Write out the data below exactly as given, without any of its pictures.

------ DATASET SECTION

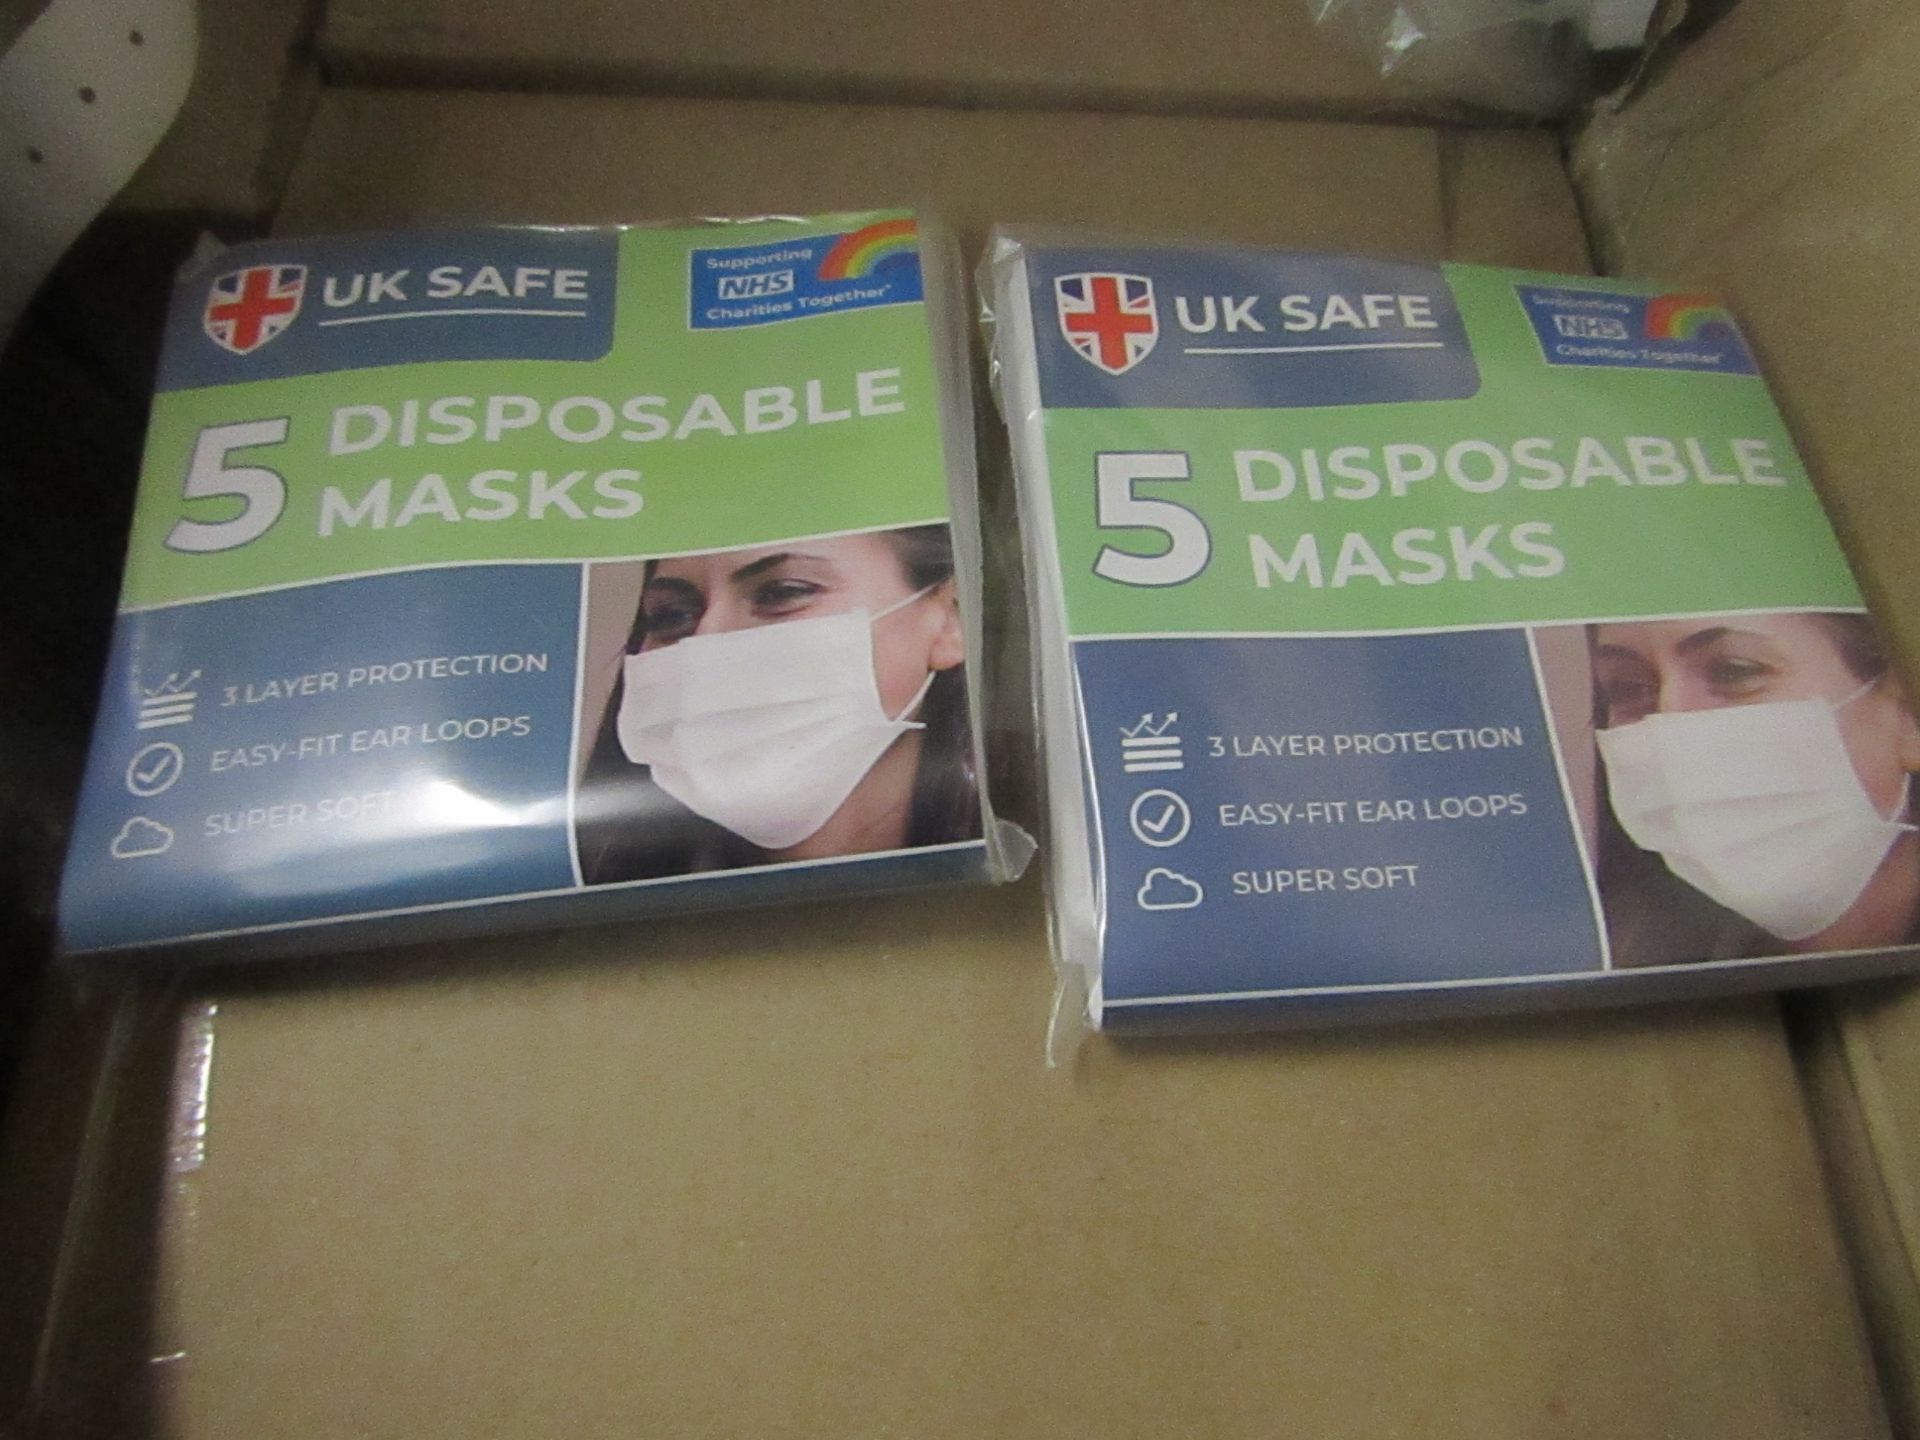 10x Packs of 5x Uk Safe - Disposable masks - New & Boxed.
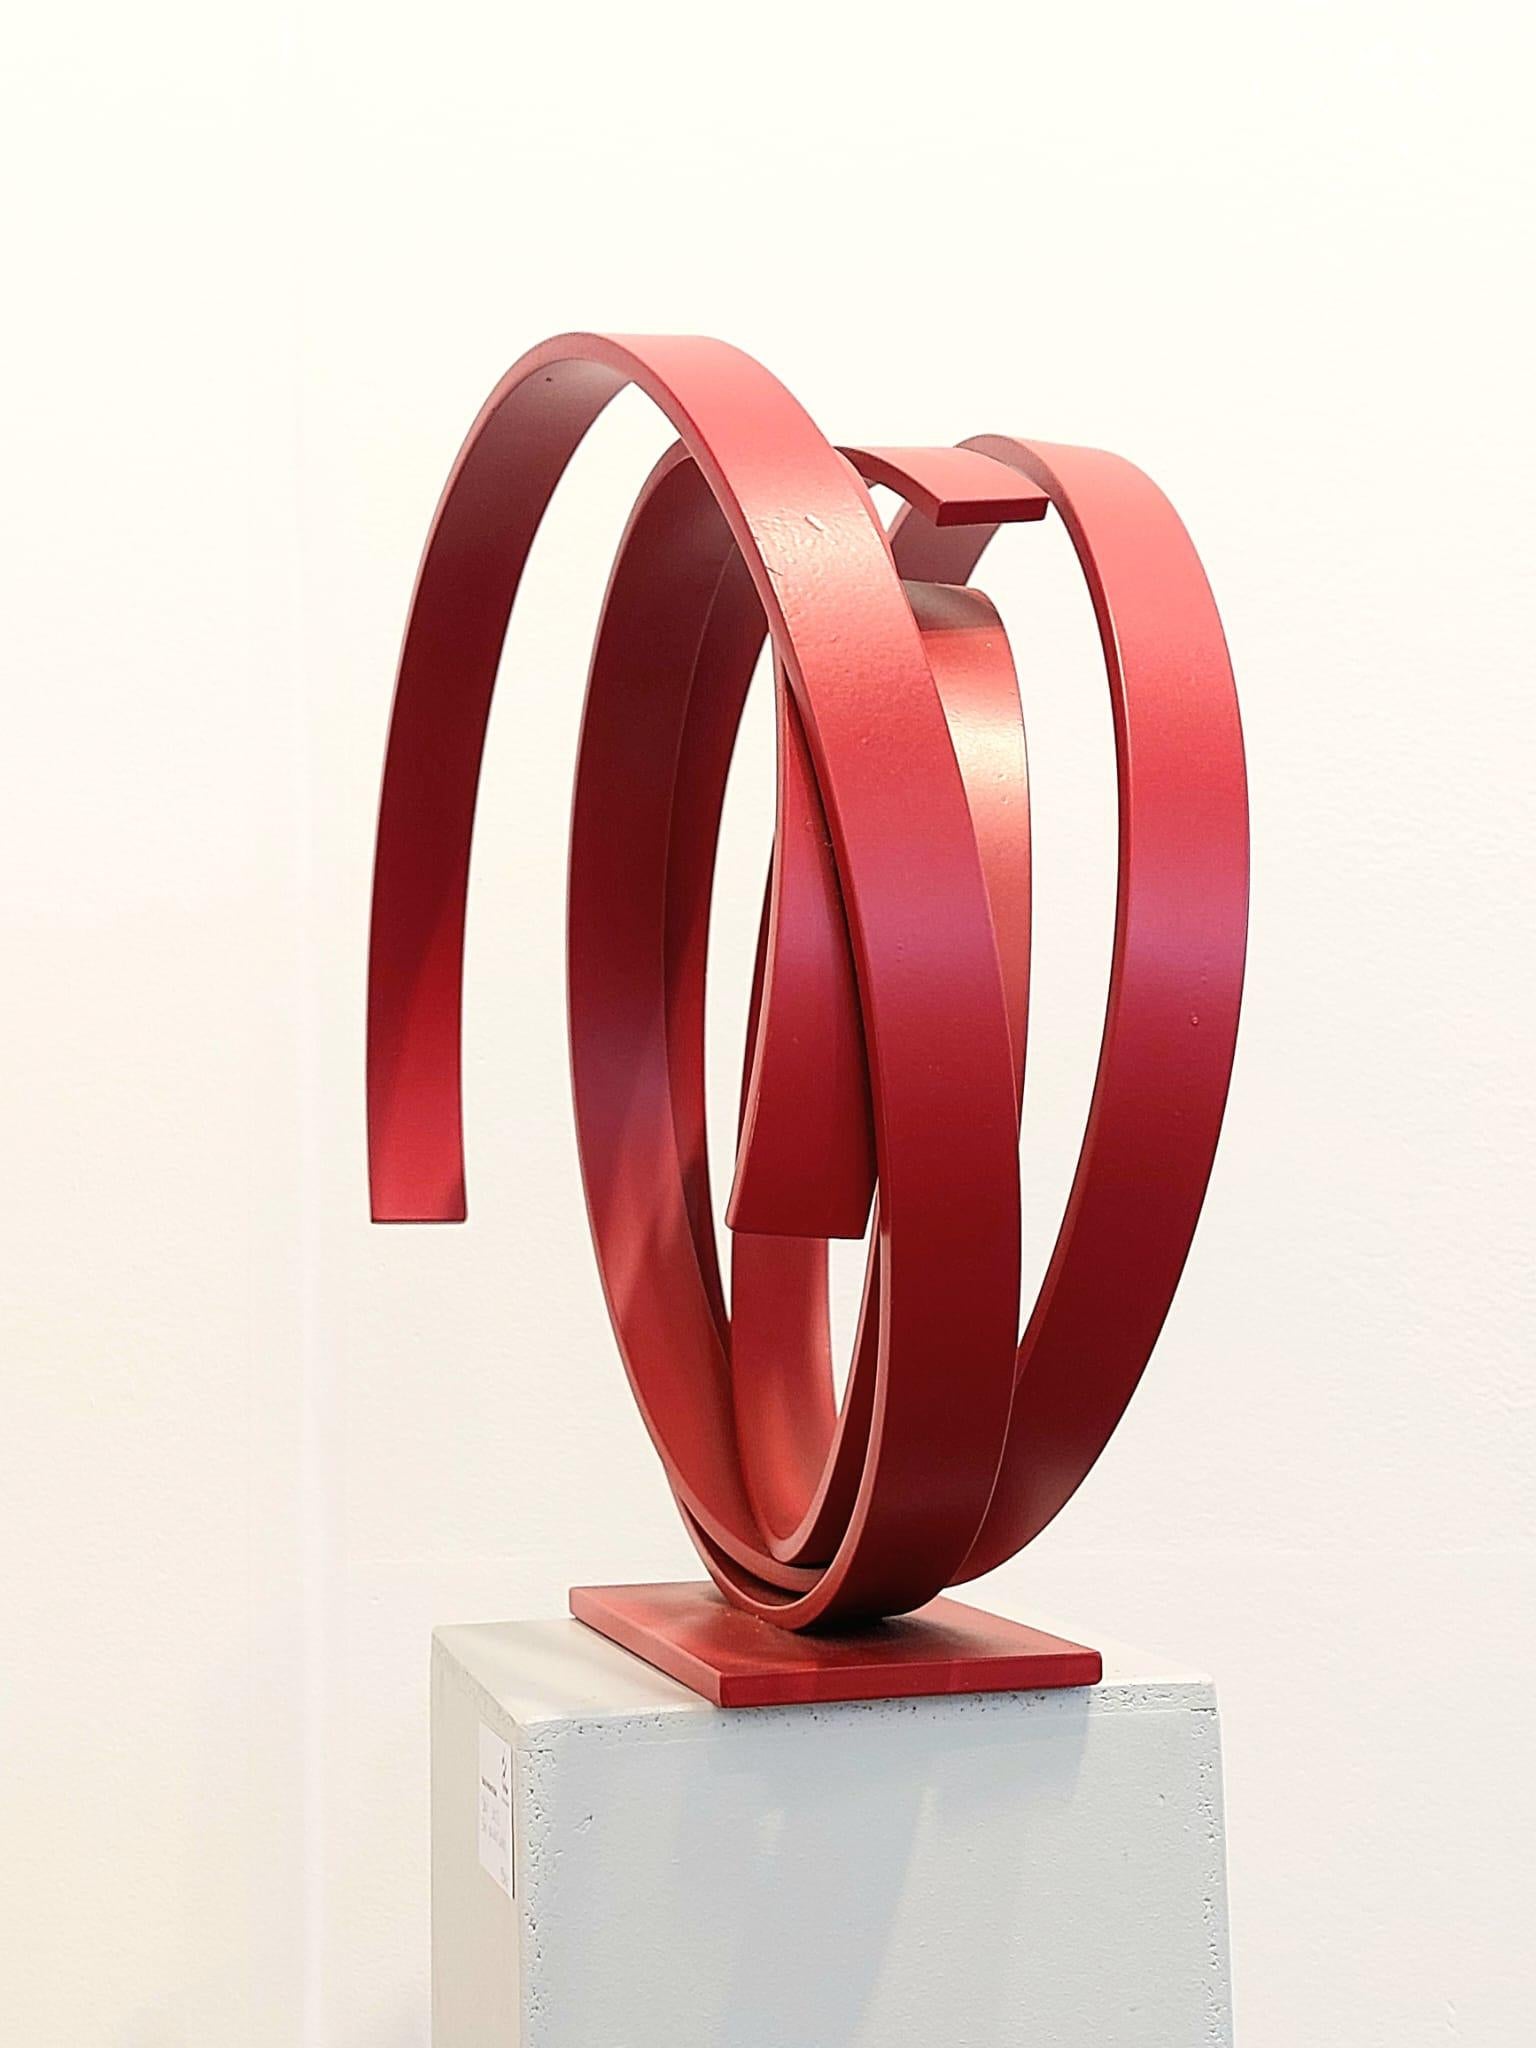 Small Red Orbit by Kuno Vollet - Large Contemporary Round Orbit sculpture  For Sale 4
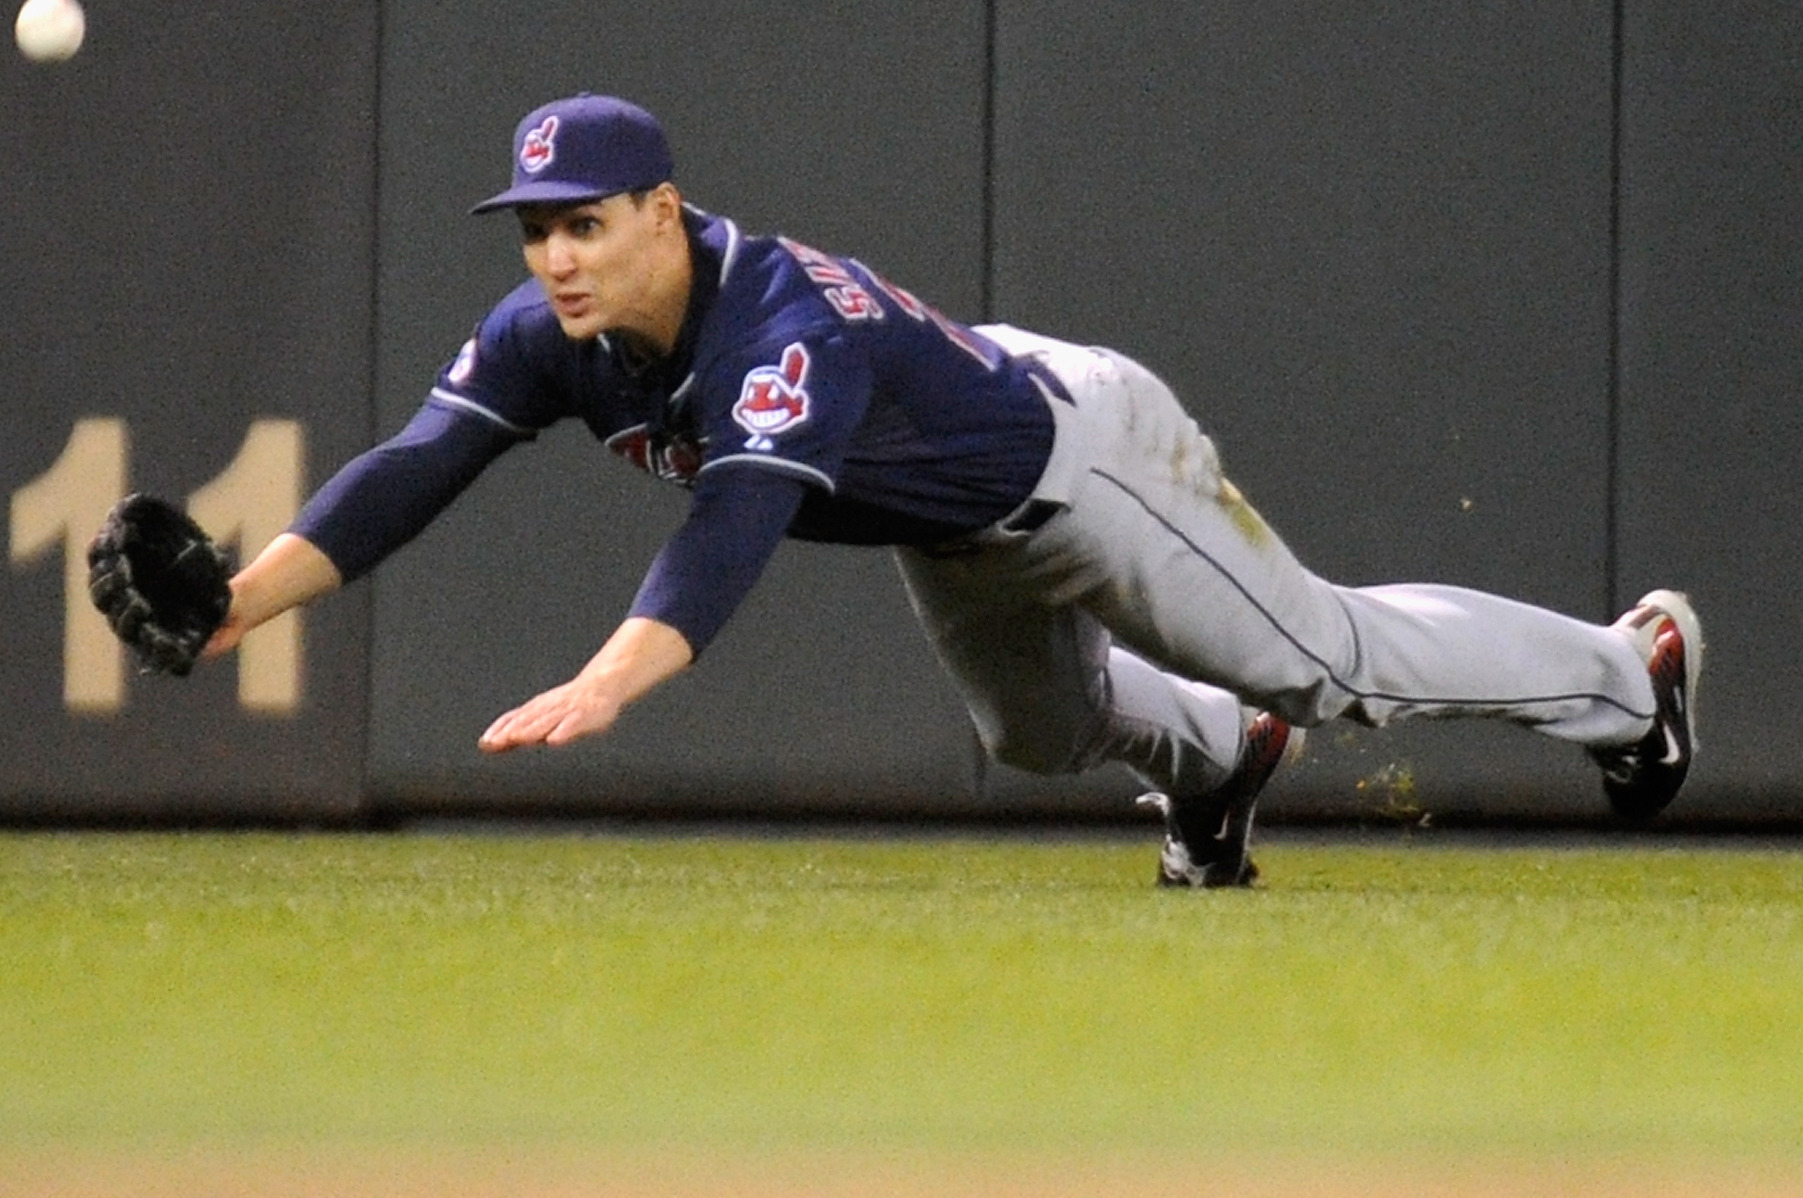 Indians OF Grady Sizemore to miss opening day

------------

RESULT OF THIS EXERCISE:
 10x Packs of 5x Uk Safe - Disposable masks - New & Boxed.
 Small Red Orbit by Kuno Vollet - Large Contemporary Round Orbit sculpture  For Sale 4
 Indians OF Grady Sizemore to miss opening day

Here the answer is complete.